Ein Stück weit fehlt es aber an einer Kampagne für unab­hängige Beratung durch einen Makler. Wer sollte dies in Angriff nehmen?

Hier sprechen Sie einen wichtigen Punkt an. Wir im Bundesverband Deutscher Versicherungskaufleute denken gerade über eine Kampagne für unseren Berufsstand nach und ich bin überzeugt, dass es unter anderem auch Aufgabe der Verbände ist, den Makler als positiven Marktteilnehmer bzw. Berater zu präsentieren.

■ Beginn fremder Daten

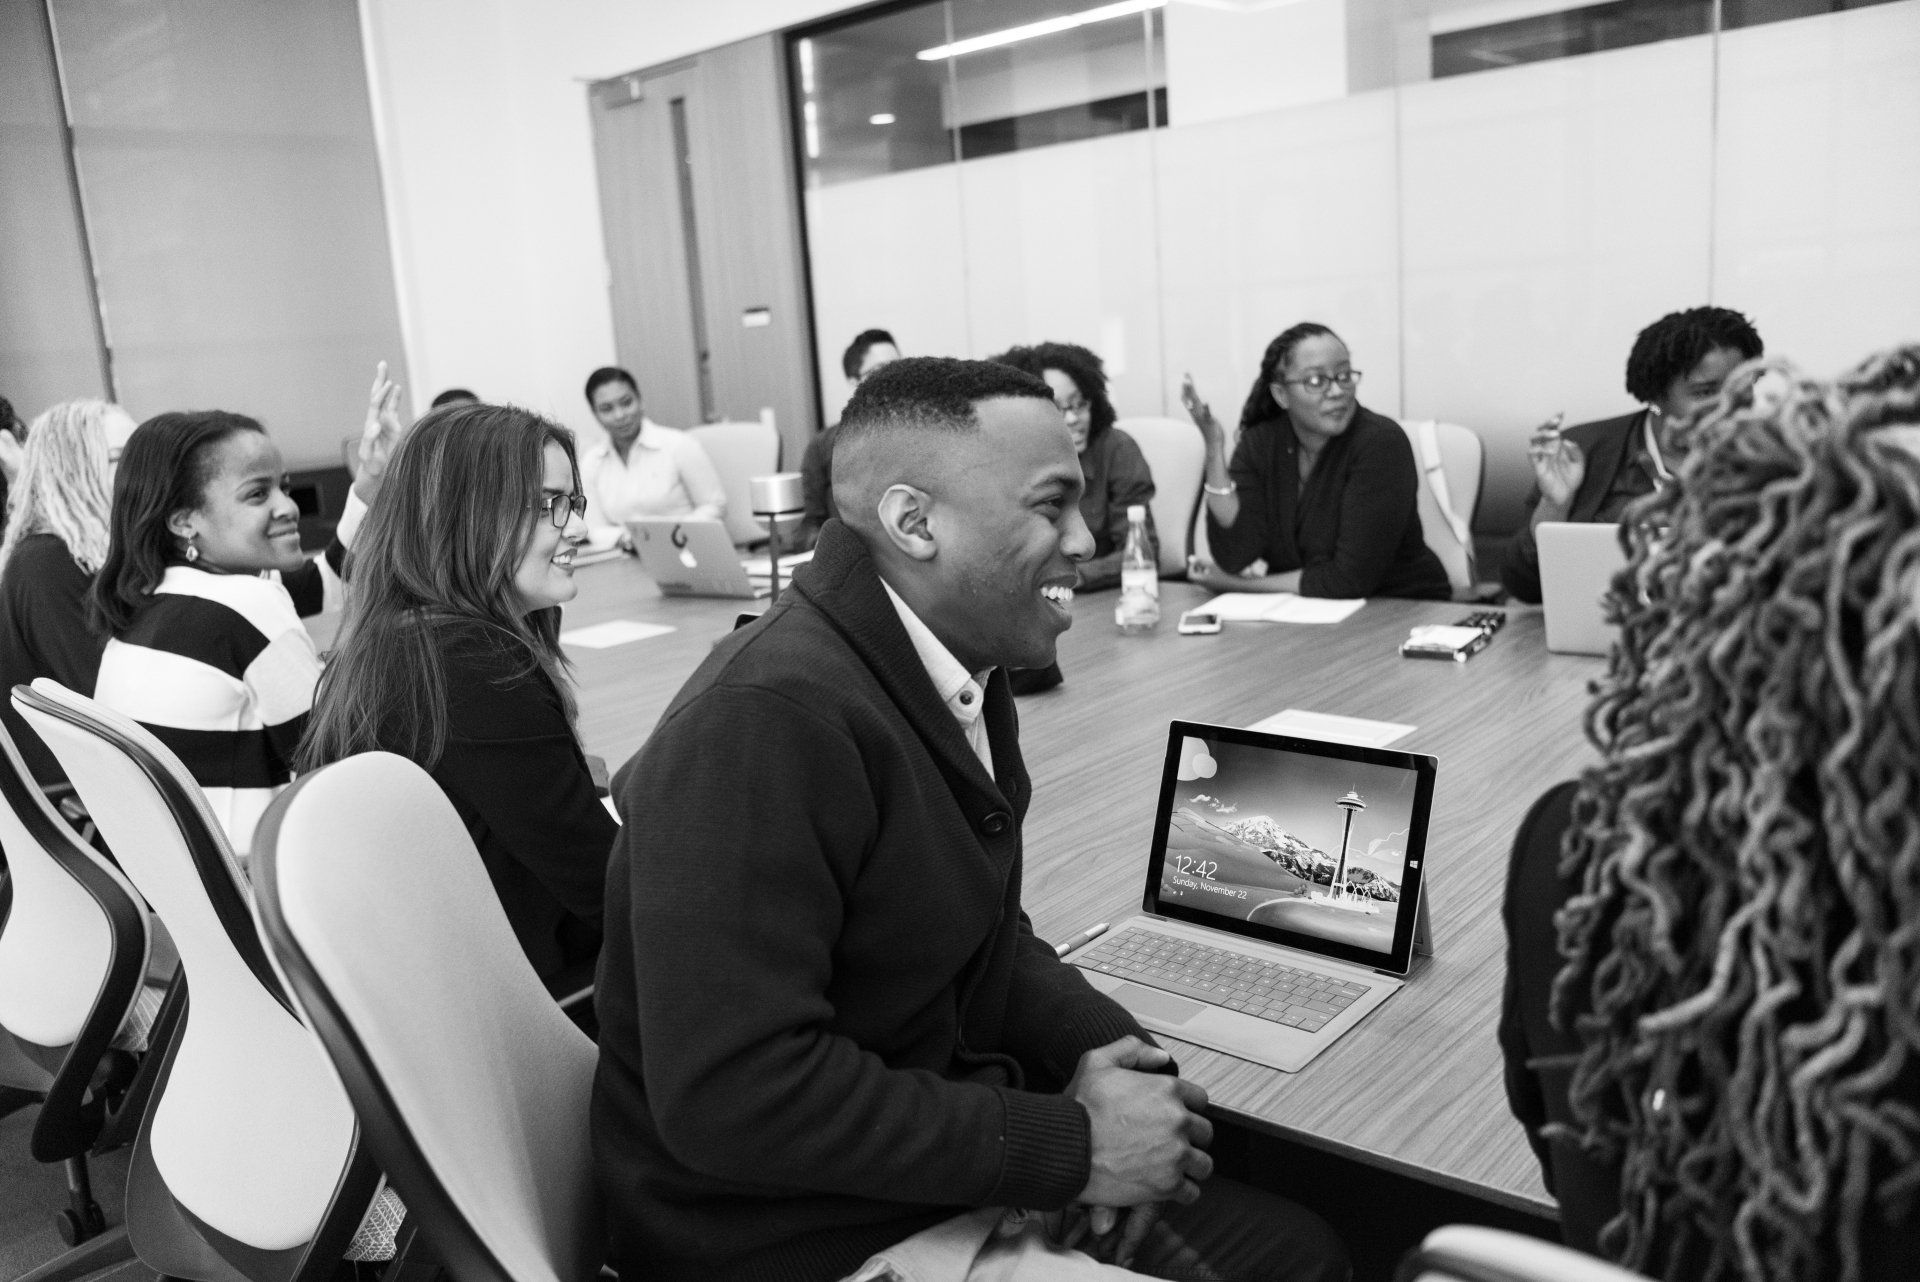 Black and white image of race, gender, age group of at least 10 people sitting around a conference table looking at/engaging with something or someone beyond the scope of the image

Nun hört man aus einigen Rich­tungen, dass es Risiken gibt, die nur (noch) sehr schwer absicherbar sind. Wie reagieren Sie auf solche Aussagen und verliert die Versicherungsbranche dadurch nicht sukzessive an Bedeutung für die Gesellschaft?

Tatsächlich benennen die Versicherer in einer geradezu auffälligen Übereinstimmung Jahr für Jahr neue Branchen, die sie insbesondere im Feuer-Industrie- oder im Elementarversicherungs- bereich nicht mehr versichern wollen.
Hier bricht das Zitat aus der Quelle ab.